"Gee," grumbled Phil, "and here I can't seem to stay awake. Just as well have let me slumber on in peace."

"Well, don't slumber while I'm gone, sleepyhead."

Jerry walked across the open ground and after an undecided halt, broke through the bushes, heavy now with dew, and made for the shore. He stood for a long time on the bank, looking across to where the Scout camp lay quiet in the darkness, and then turned and was about to go back to Phil. But he paused; a steady creaking sound had broken the night. It was drawing slowly nearer.

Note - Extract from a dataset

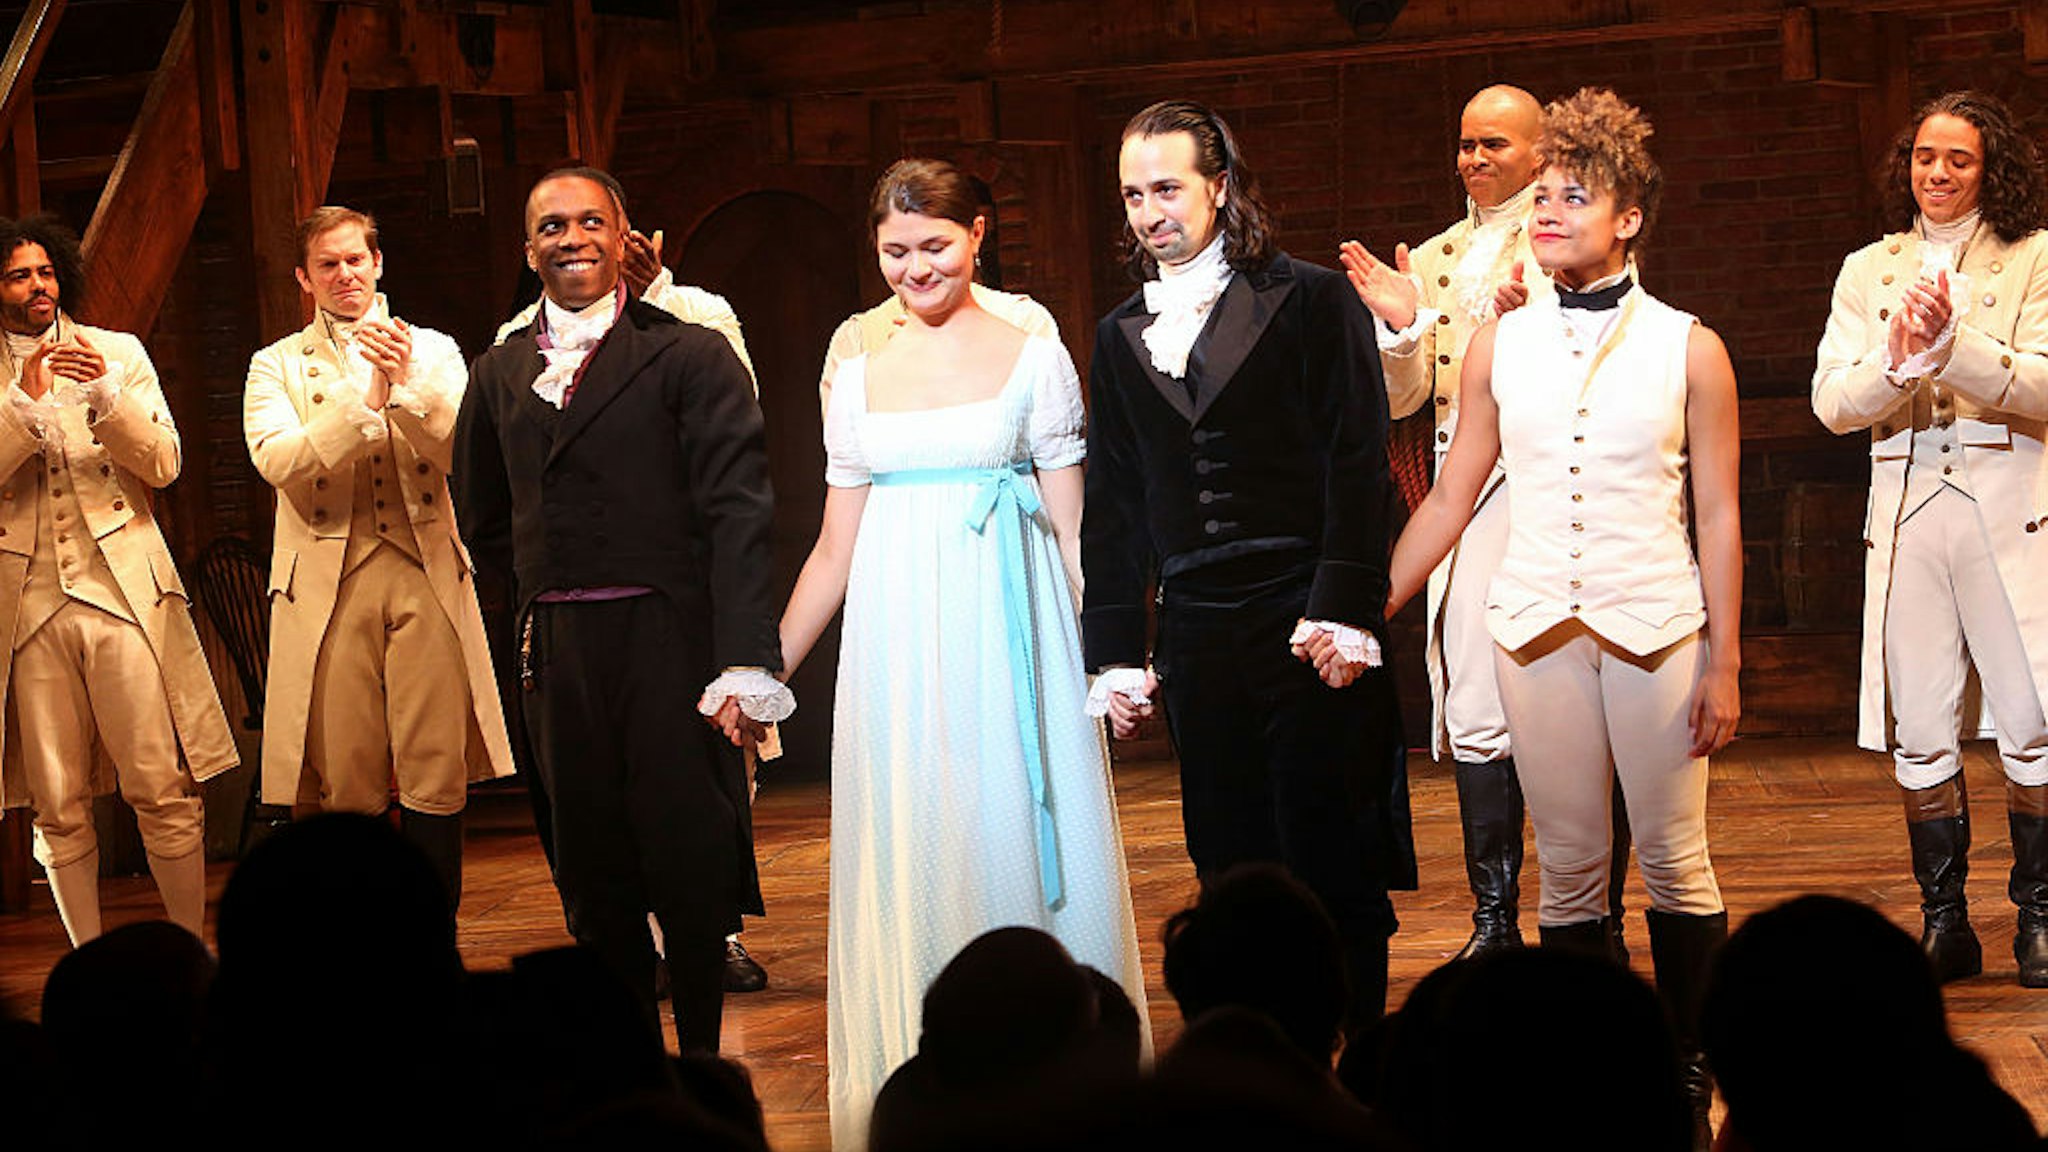 Lin-Manuel Miranda performs his final performance as "Alexander Hamilton" in "Hamilton" on Broadway at The Richard Rogers Theatre on July 9, 2016 in New York City.

It was a rowboat.

"Great conspirators, they are!" sniffed Jerry. "They might at least grease their oars." He heard the mumble of low voices, the sush of a boat keel on the sand. Reaching down, he caught up a big handful of pebbles; with a hard overhand swing he let them fly.

He heard a muttered "Ouch!" and then, after a moment's silence, once more the creak-crook of oars. "Batter out" chuckled Jerry to himself as he scurried back to the hangar.

After that he slept.

The boys were all excitement when he told his story next morning, but that was nothing to compare with the exclamation that arose that same evening when they returned to camp to find that Dave, who had been left in charge, had disappeared, and that the place had been rifled and then torn all to pieces. Poor Dave was found not far off, tied to a tree. His story was somewhat lacking in detail. He had sat dozing over a book on aeronautics, when suddenly an earthquake came up and hit him over the head. That was all he knew till he woke up tied securely to a tree.

"That settles it," declared Phil. "We ought to have done it in the first place, but the boss didn't think it was worth while."

"What's that?" demanded Jerry, a bit sharply.

"Well, what's the idea of our coming over here every night to sleep, when there's oodles of room there on Lost Island, where we're needed? Huh?"